Published by the American Society of Agricultural and Biological Engineers, St. Joseph, Michigan www.asabe.org

Citation:  Paper number  034049,  2003 ASAE Annual Meeting . (doi: 10.13031/2013.13863) @2003
Authors:   D.L. Elwell, D.C. Borger, H.M. Keener
Keywords:   Odor, Composting, Dairy Manure, Gas Chromatography

Composting of animal manures, among other benefits, destroys a wide variety of odorous chemicals and reduces the social impact of the manures while producing value added products.
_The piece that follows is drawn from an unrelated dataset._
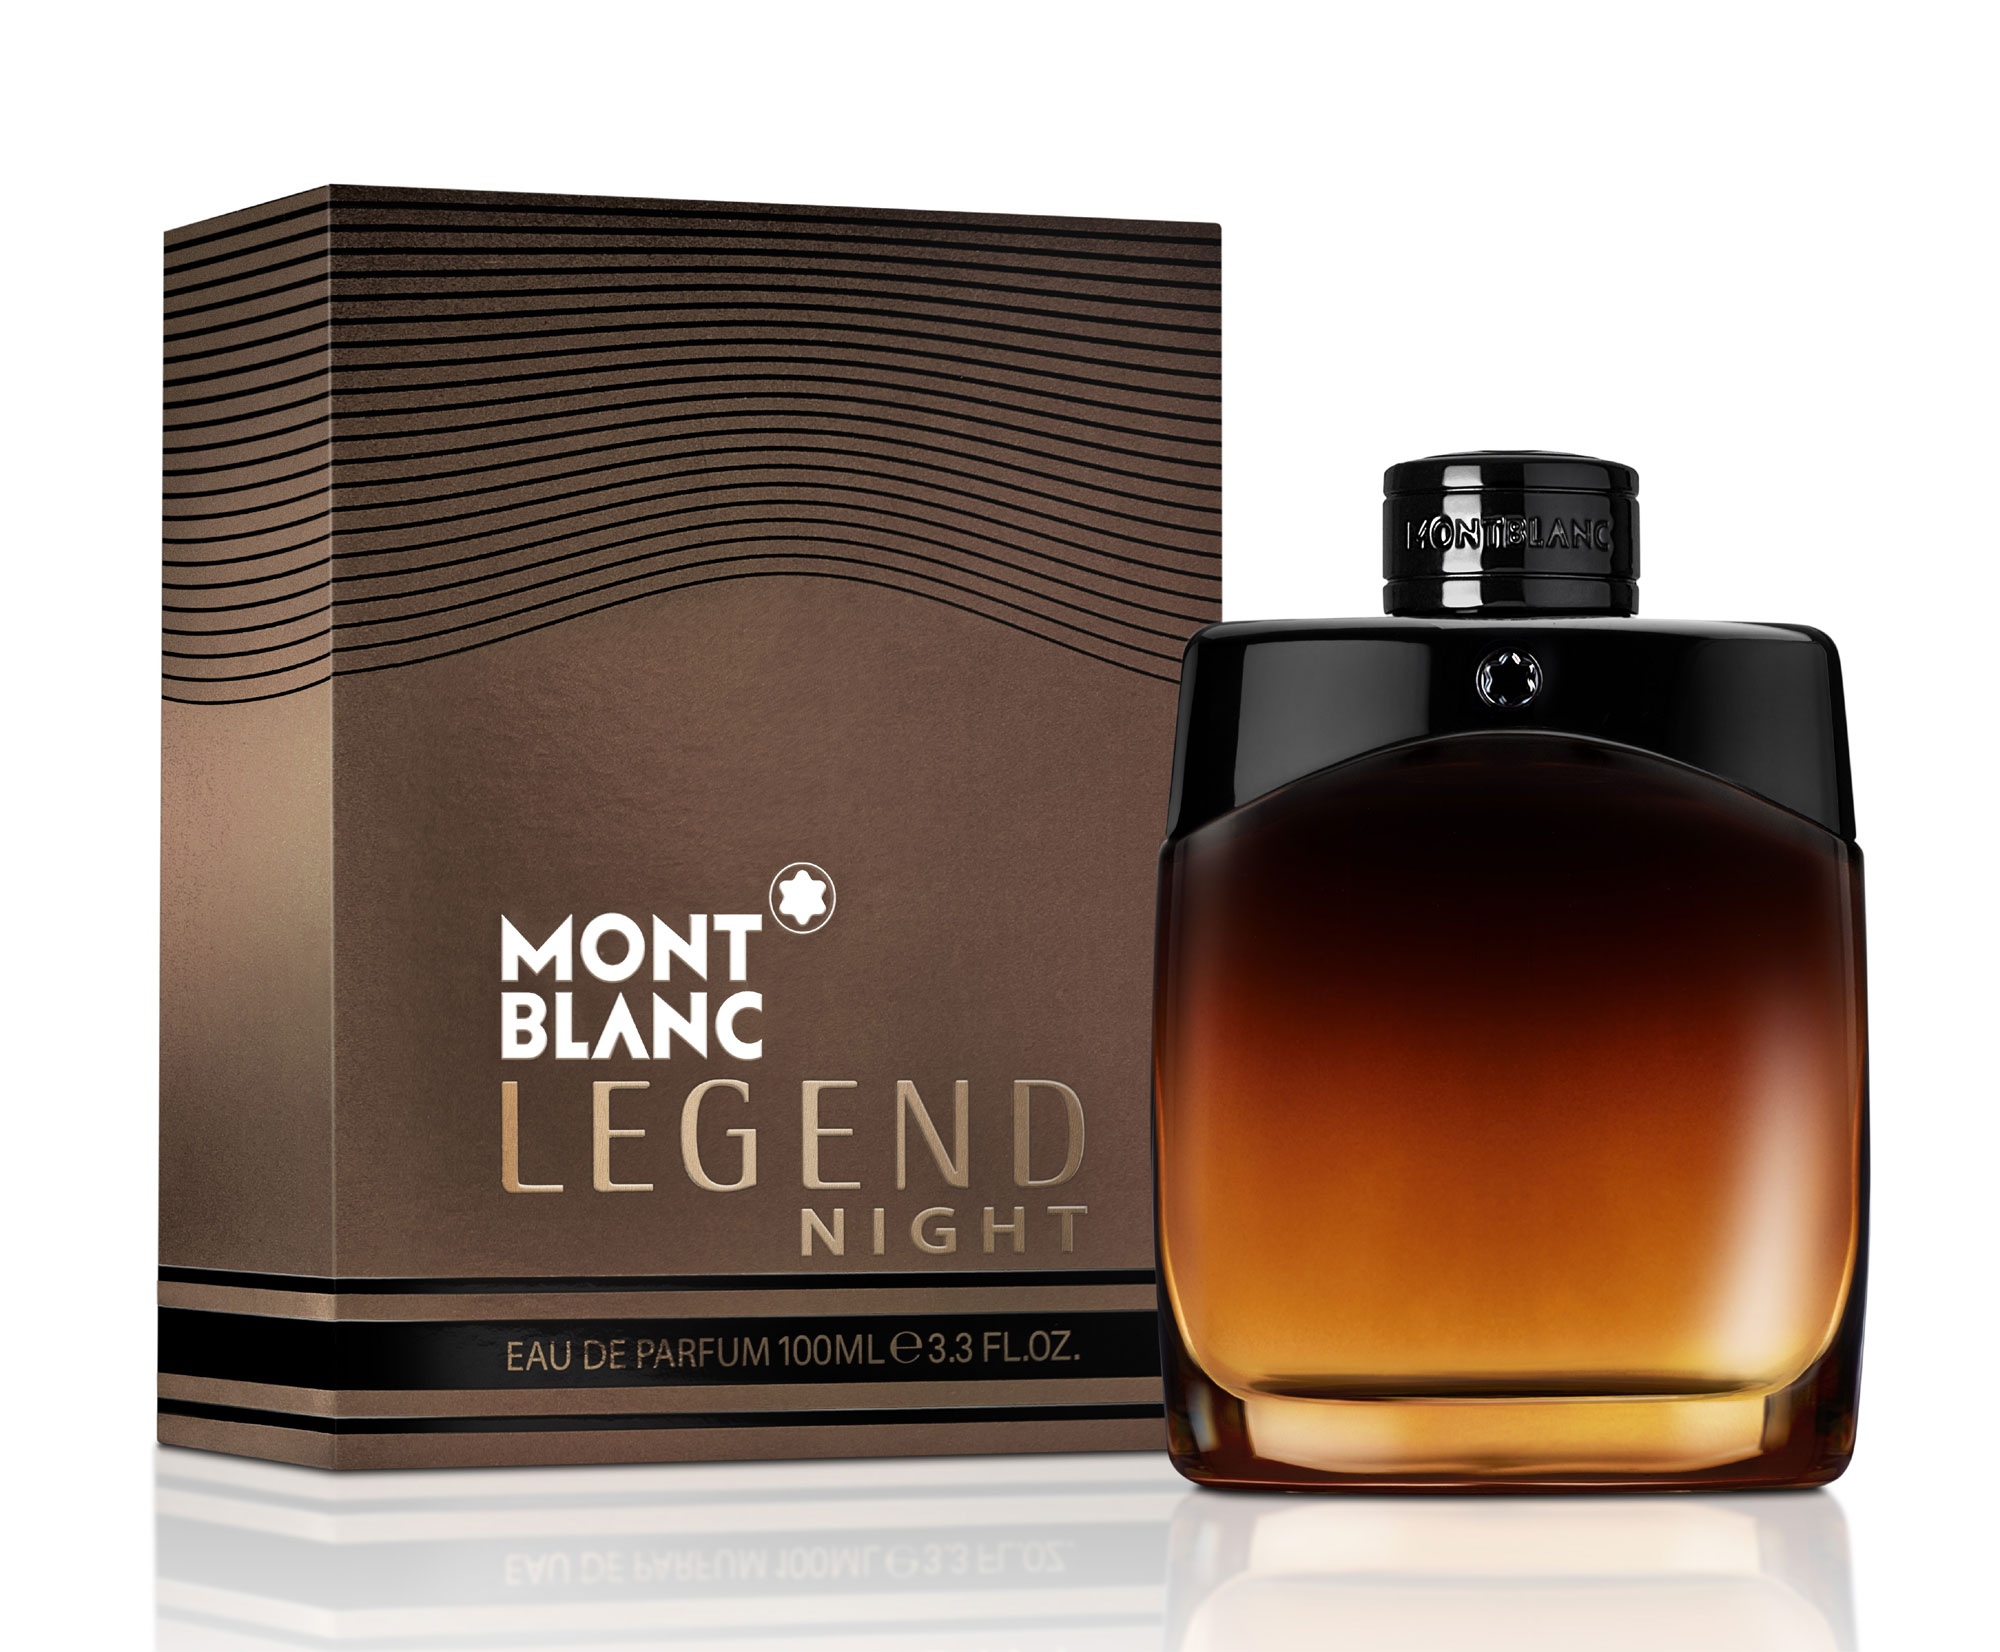 Парфюм легенда. Montblanc Legend) мужские 100 ml. Mont Blanc "Legend Night" 100 ml. Montblanc Legend Night men Tester 100ml EDP. Mont Blanc Legend Night for men EDP 100ml.
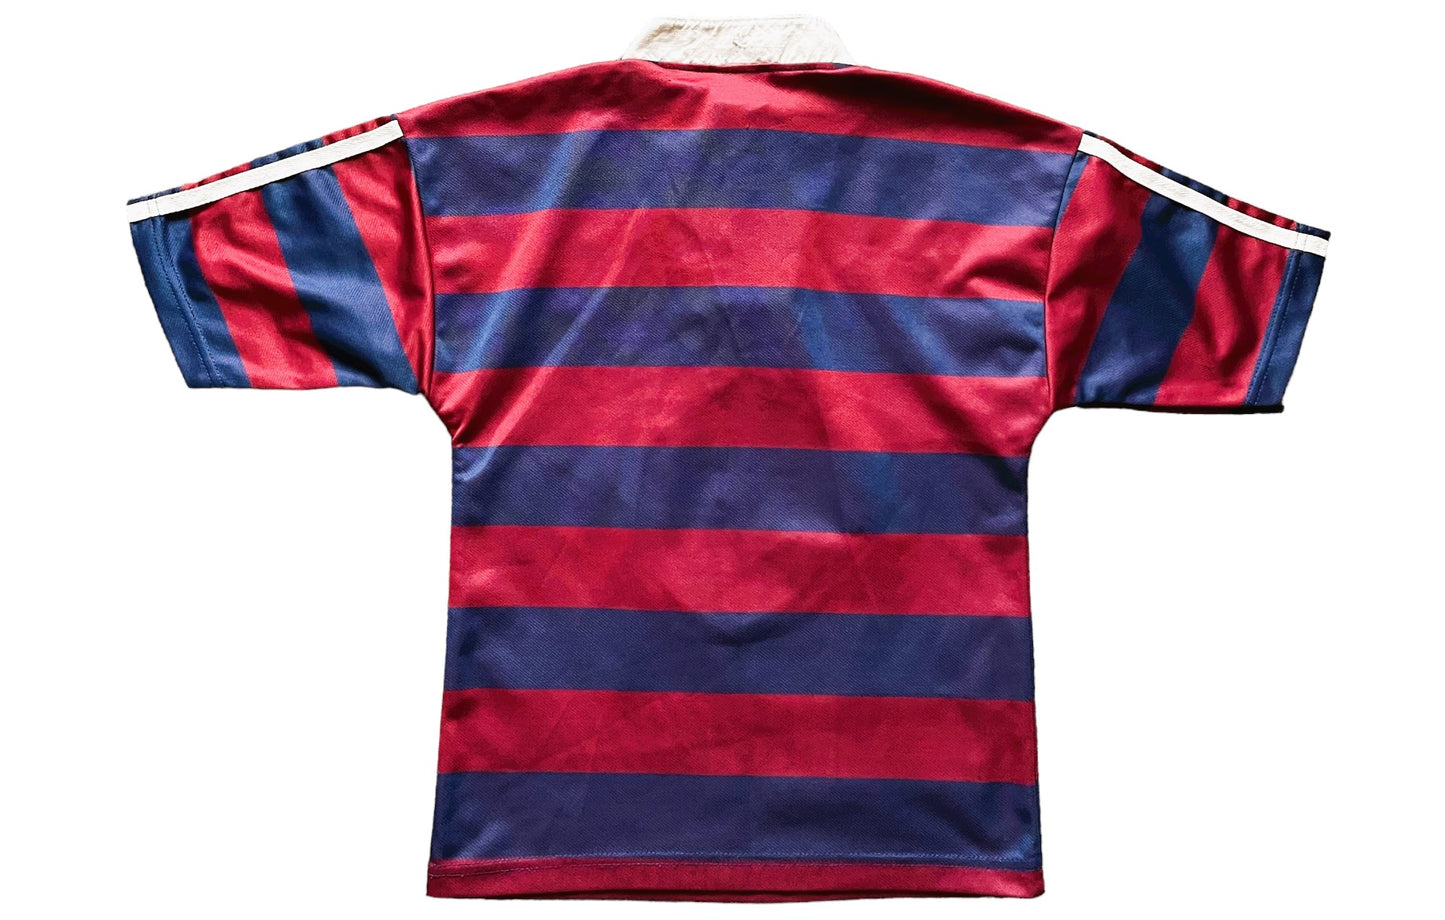 Newcastle Away Shirt 1995 (very good) XXSmall (kids)

Extensive studies (eight trials involving a total of about 60 pilot-scale vessels) of odorants from composting of manures from both lactating cows (Barn 1) and heifers (Barn 2) have been conducted over the last two years. Both continuous and intermittent aeration were studied, and fresh and 12 day aged manures were used. Standard data on the kinetics of each vessel were collected. Ammonia emissions were trapped in boric acid and quantified. Material samples and exhaust gas condensates were collected, and the condensates and extracts from the material samples were analyzed for VFAs (C2 to C5), phenolics and indolics. Gas chromatography using either flame ionization or mass spectrographic detection was employed. Data on sulfur emission, obtained in the later runs using either a Jerome Meter or Drger tubes, is presented. VOC emissions amounted to less than one percent of the odorants in the composting materials. Nevertheless, 95 to 100% of these materials were gone within about a week. This suggests that bacterial utilization is the most important mechanism for the elimination of odors during composting.